В помещении снова повисла тишина. И если студенты молчали, ожидая ответного хода, то женщина была в полнейшем шоке. Если честно, я ее понимал: в сложившихся условиях семья стала для каждого чем-то святым и нерушимым, чем-то, от чего нельзя отворачиваться ни при каких обстоятельствах, потому что иначе рискуешь остаться в полном одиночестве.
- Мы твоя семья, если ты забыла! – рыкнула женщина. Глаза Мираэли заледенели еще сильнее, и теперь я был полностью уверен, что это не обман зрения. Девушка отлипла от стены и медленно-медленно, никуда не торопясь, словно еще сильнее нагнетая обстановку, подошла к женщине и нависла над ней несокрушимой твердыней.
- Я-то как раз все помню. И с семьей, с которой я *хочу* общаться, я *общаюсь*, - четко, выговаривая каждое слово, как для маленького ребенка, произнесла сержант. – Для остальных места в моей жизни больше нет.
- Я твоя!.. – попробовала было проагрументировать свою точку зрения гостья, но куратор грубо ее оборвал:
- Мать, не мать, мне все равно. Видеть вас здесь не хочу. И на встречу не пойду. Кто мне нужен, имеет доступ в академию. Остальным целесообразнее держаться от меня подальше.
Женщина обалдело захлопала глазами на ледяную дочь и даже выдохнуть не успела, как оказалась за дверью в коридоре. Мир глубоко вдохнула и вернулась на колени мгновенно обнявшего ее Эльфа. Толпа понемногу оттаивала, и через несколько минут комната снова наполнилась звуком голосов, смехом, звоном стаканов и кружек и журчанием разномастной жидкости. Я ничего не понимал до того момента, как Кукла не толкнула меня в бок и не протянула очередную кружку.
- Вчера у Мира был День рождения, вот родственнички и поналетели. Такое каждые полгода бывает.
- День рождения? – Я ошалело уставился на девушку. Кусочки паззла вчерашнего дня мгновенно сложились в единую картинку.
- Ага, - лениво кивнула моя собеседница и хлебнула прямо из горла высокой пузатенькой бутылки. – Пока что удалось сюда запихнуть только двоюродную Мира Снежку да сына друзей семьи Сыча, но у тех оказался нужный уровень знаний. Иначе бы Мирка и их к порогу не подпустила даже.
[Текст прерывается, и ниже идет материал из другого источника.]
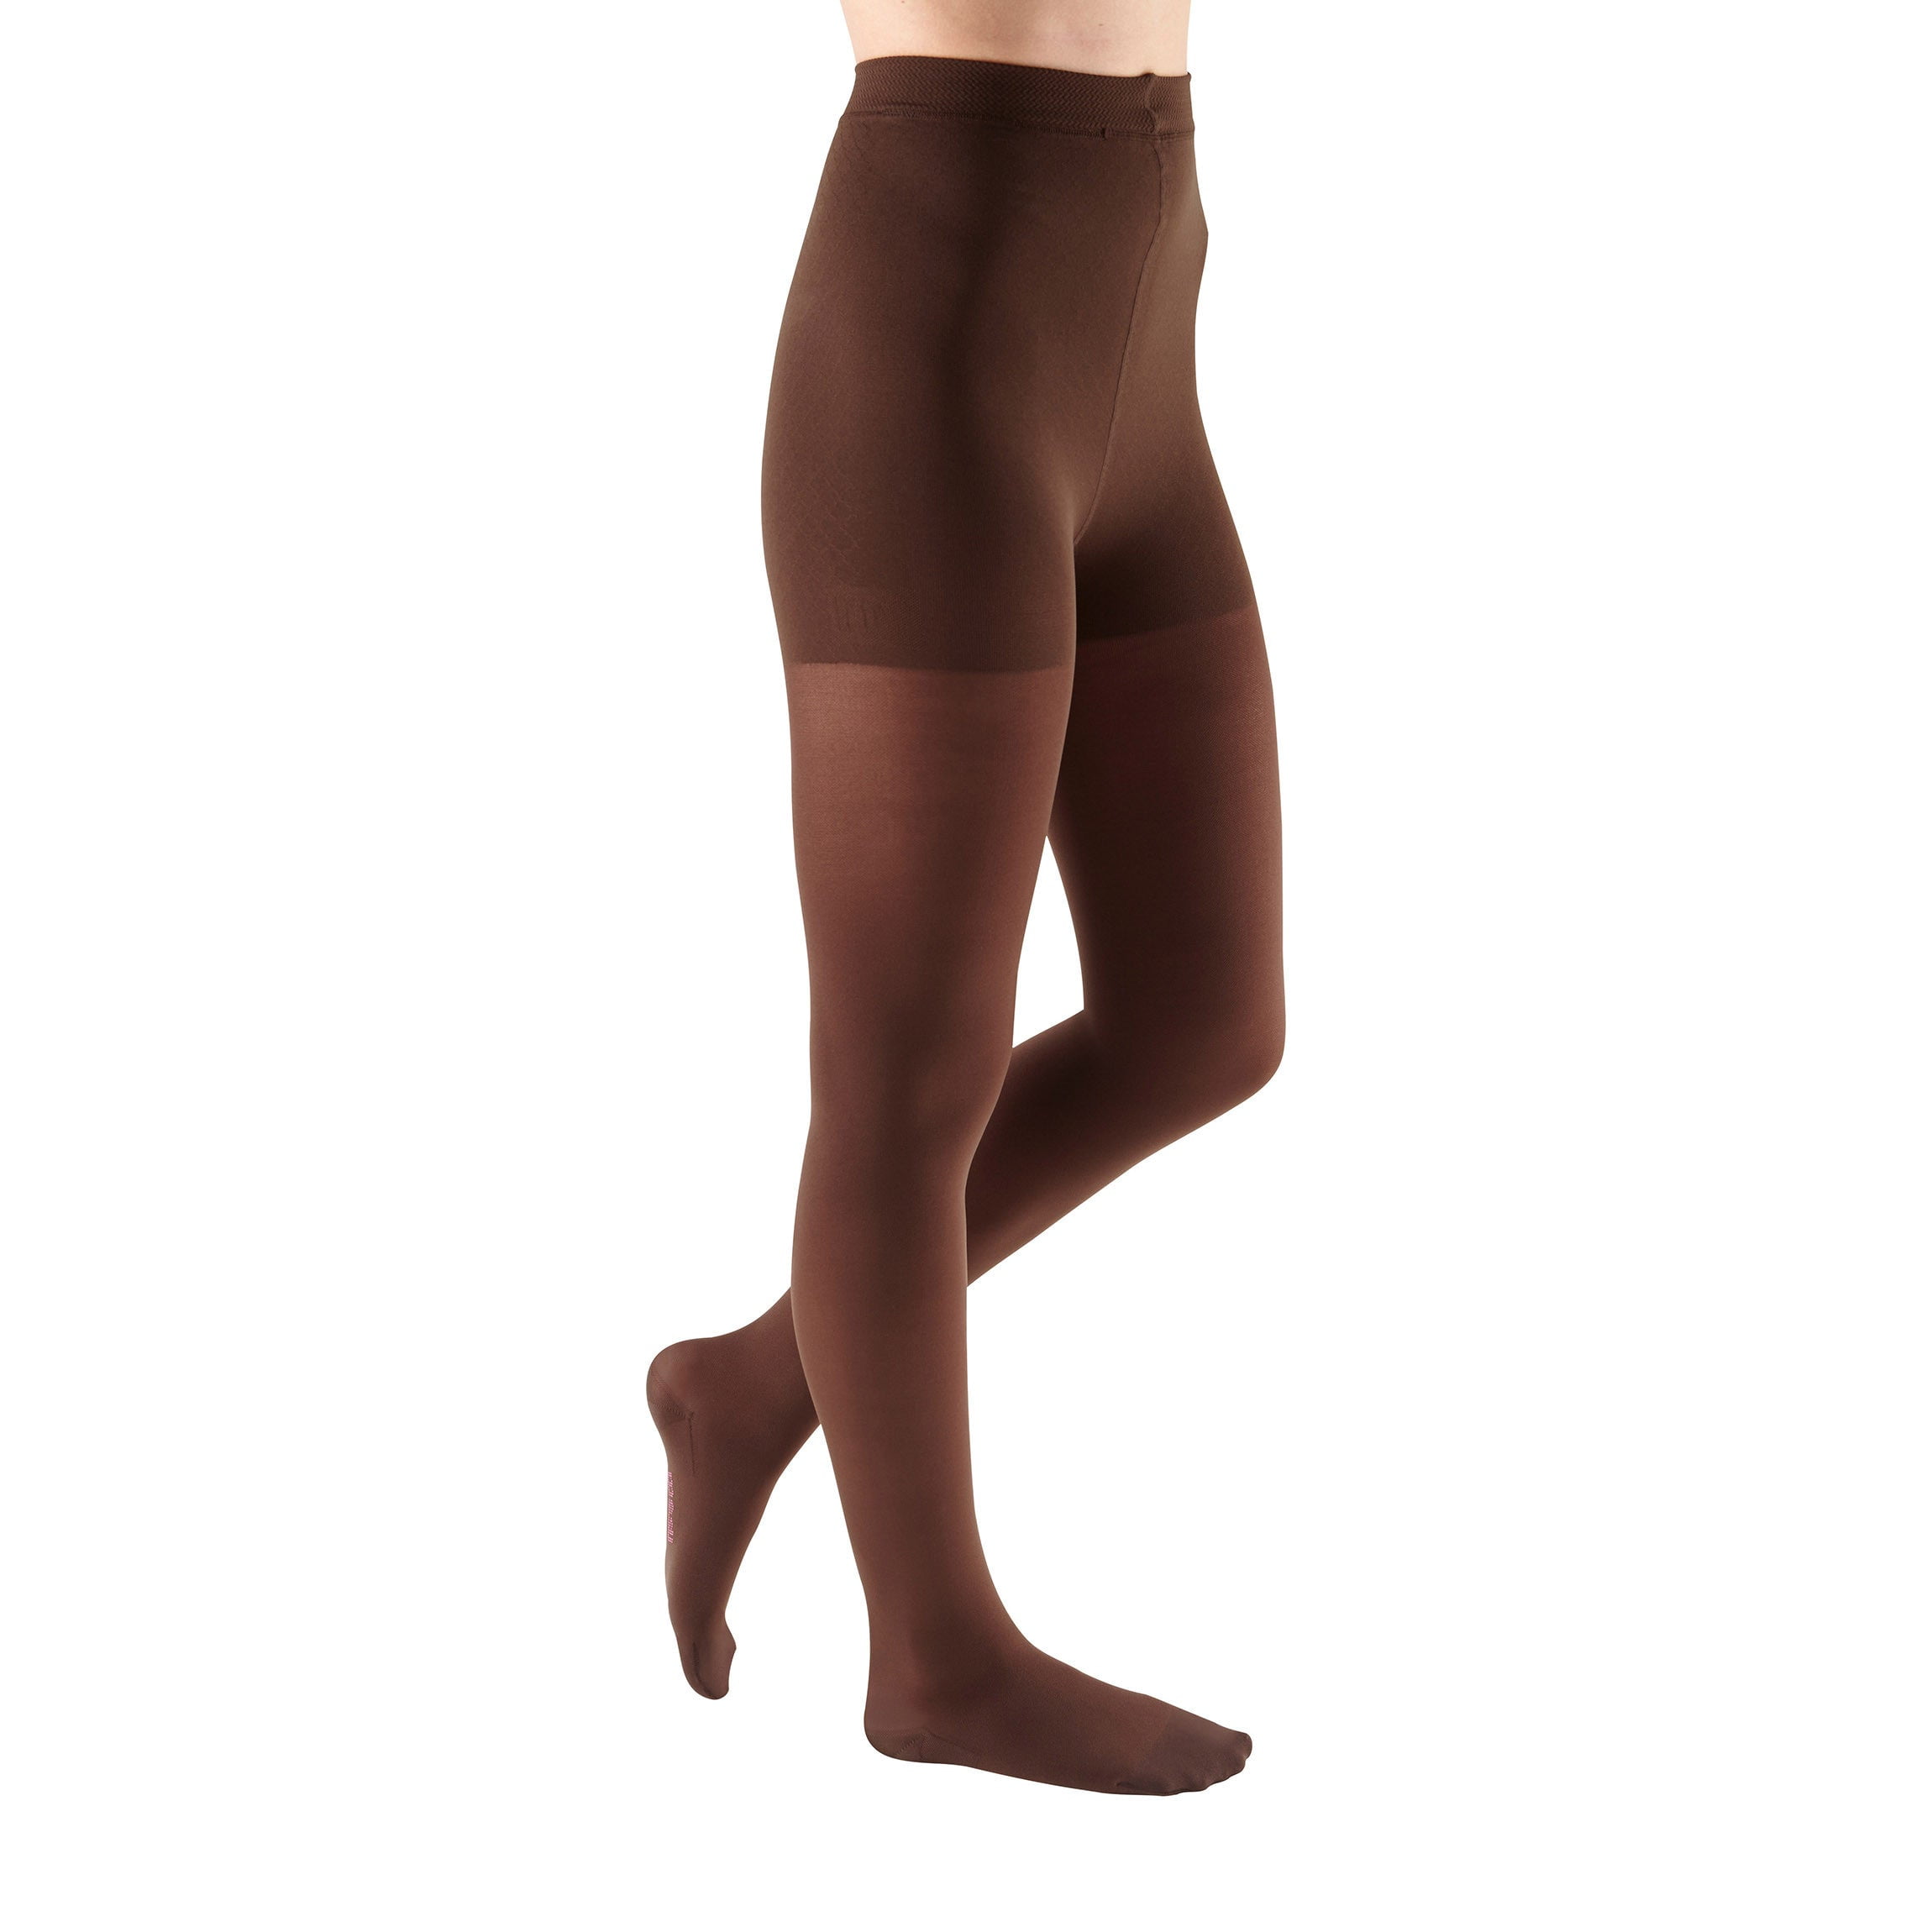 Made in USA - Compression Tights Women Circulation 8-15 mmHg - Nude, X-Large

Она снова приложилась к бутылке, а я взглянул на Мира и неожиданно встретился с ней взглядами. Большие глаза смотрели серьезно, изучающее, будто бы ощупывая физически. Стало не по себе, но девушка лишь мотнула головой и отвернулась. Настроение испортилось окончательно, и, сам того не понимая, потянулся уже к бутылке…
Из комнаты я выполз далеко за полночь и, что примечательно, в числе первых – все остальные остались веселиться до утра. Мысли в голове путались, ноги нарезали по коридору заячьи круги, дорога упорно не вспоминалась. Путанная дорожка привела меня к входным дверям, а те выпустили в сад. В лицо ударило множество удивительных, дурманящих запахов. Захотелось зажмуриться и сесть прямо здесь, что я, собственно, и сделал – причин отказать себе у меня не было.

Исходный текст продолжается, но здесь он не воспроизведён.